Let $C_k(N)$ be the number of integers between $1$ and $N$ inclusive with exactly $k$ square prime factors. It can be shown that with growing $N$ the ratio $\frac{C_k(N)}{N}$ gets arbitrarily close to a constant $c_{k}^{\infty}$, as suggested by the table below.

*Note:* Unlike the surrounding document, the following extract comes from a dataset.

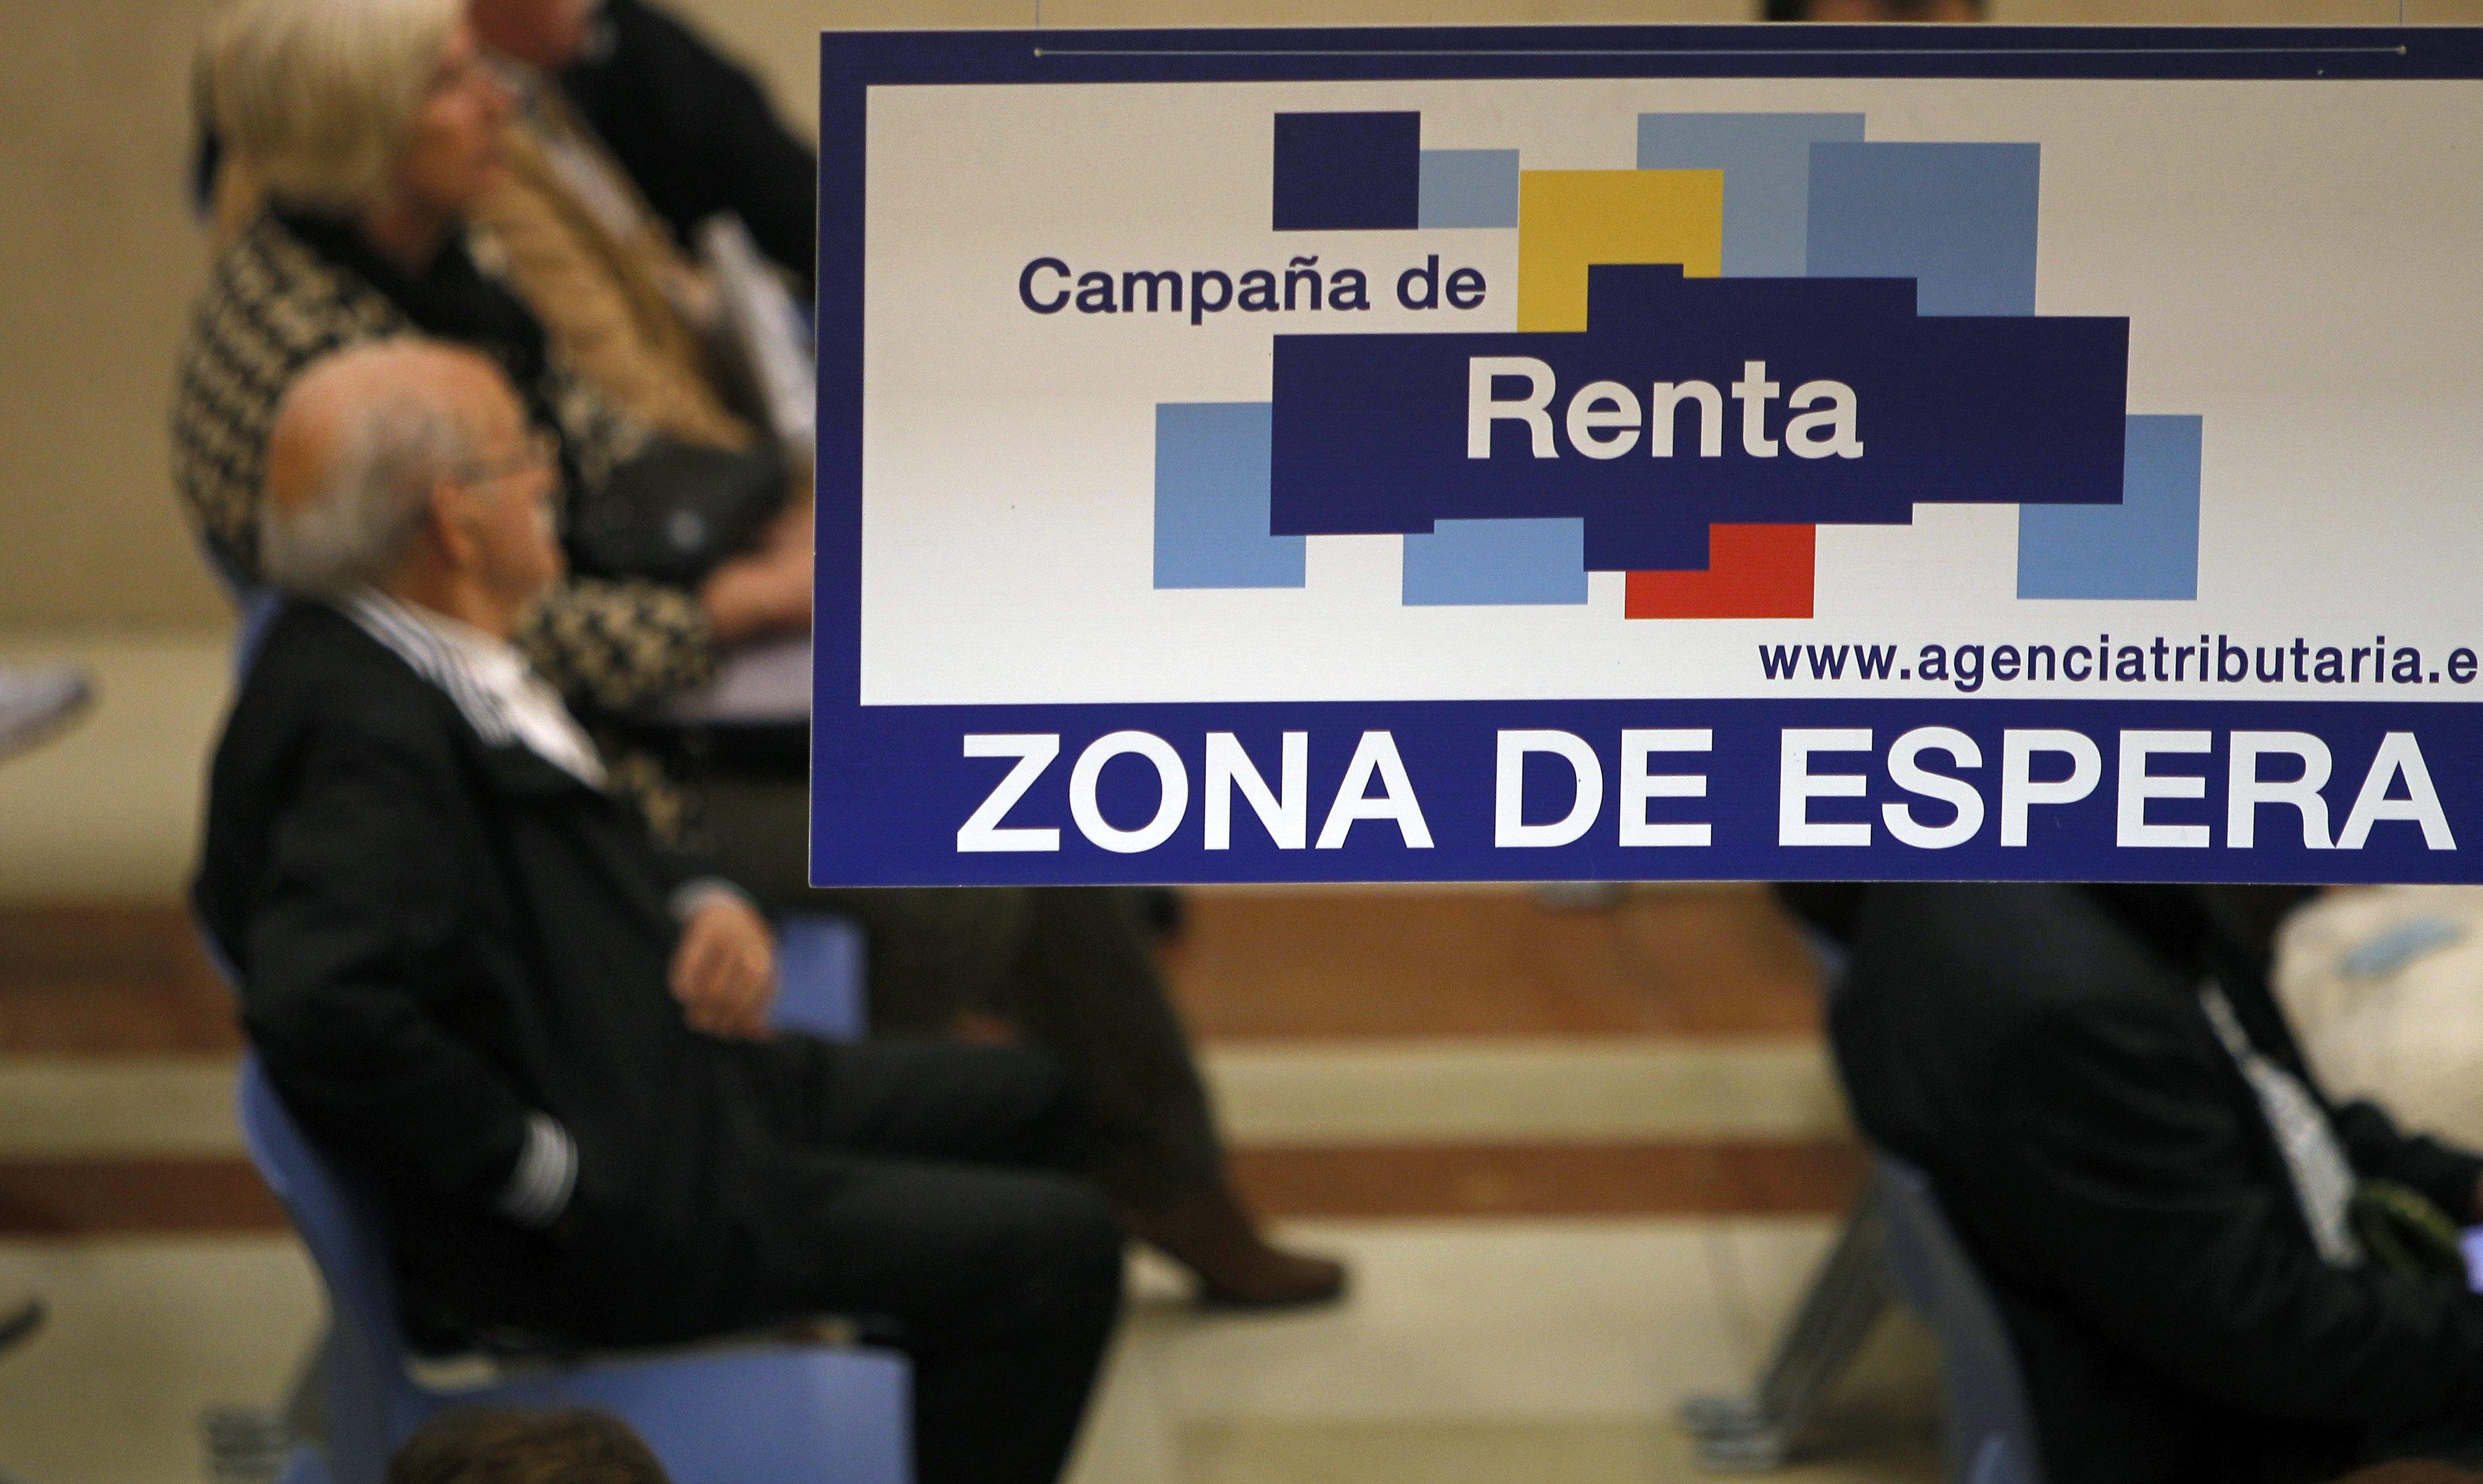 ESPAÑA CAMPAÑA RENTA:GRA124. MADRID, 10/05/2016.- Zona de espera de una de las oficinas de la Agencia Tributaria, cuando se inicia la atención en oficinas para los contribuyentes que requieran asistencia especializada. A día de hoy, más de 4.760.000 contribuyentes han presentado su declaración del impuesto sobre la renta de las personas físicas correspondiente a 2015 (IRPF 2015). EFE/Diego Pérez Cabeza

\[\begin{array}{|c|c|c|c|c|c|} \hline & k = 0 & k = 1 & k = 2 & k = 3 & k = 4 \\ \hline C_k(10) & 7 & 3 & 0 & 0 & 0 \\ \hline C_k(10^2) & 61 & 36 & 3 & 0 & 0 \\ \hline C_k(10^3) & 608 & 343 & 48 & 1 & 0 \\ \hline C_k(10^4) & 6083 & 3363 & 533 & 21 & 0 \\ \hline C_k(10^5) & 60794 & 33562 & 5345 & 297 & 2 \\ \hline C_k(10^6) & 607926 & 335438 & 53358 & 3218 & 60 \\ \hline C_k(10^7) & 6079291 & 3353956 & 533140 & 32777 & 834 \\ \hline C_k(10^8) & 60792694 & 33539196 & 5329747 & 329028 & 9257 \\ \hline C_k(10^9) & 607927124 & 335389706 & 53294365 & 3291791 & 95821 \\ \hline c_k^{\infty} & \frac{6}{\pi^2} & 3.3539\times 10^{-1} & 5.3293\times 10^{-2} & 3.2921\times 10^{-3} & 9.7046\times 10^{-5}\\ \hline \end{array}\] Find $c_{7}^{\infty}$. Give the result in scientific notation rounded to 5 signficant digits, using a $e$ to separate mantissa and exponent. E.g. if the answer were $0.000123456789$, then the answer format would be $1.2346e\text{-}4$.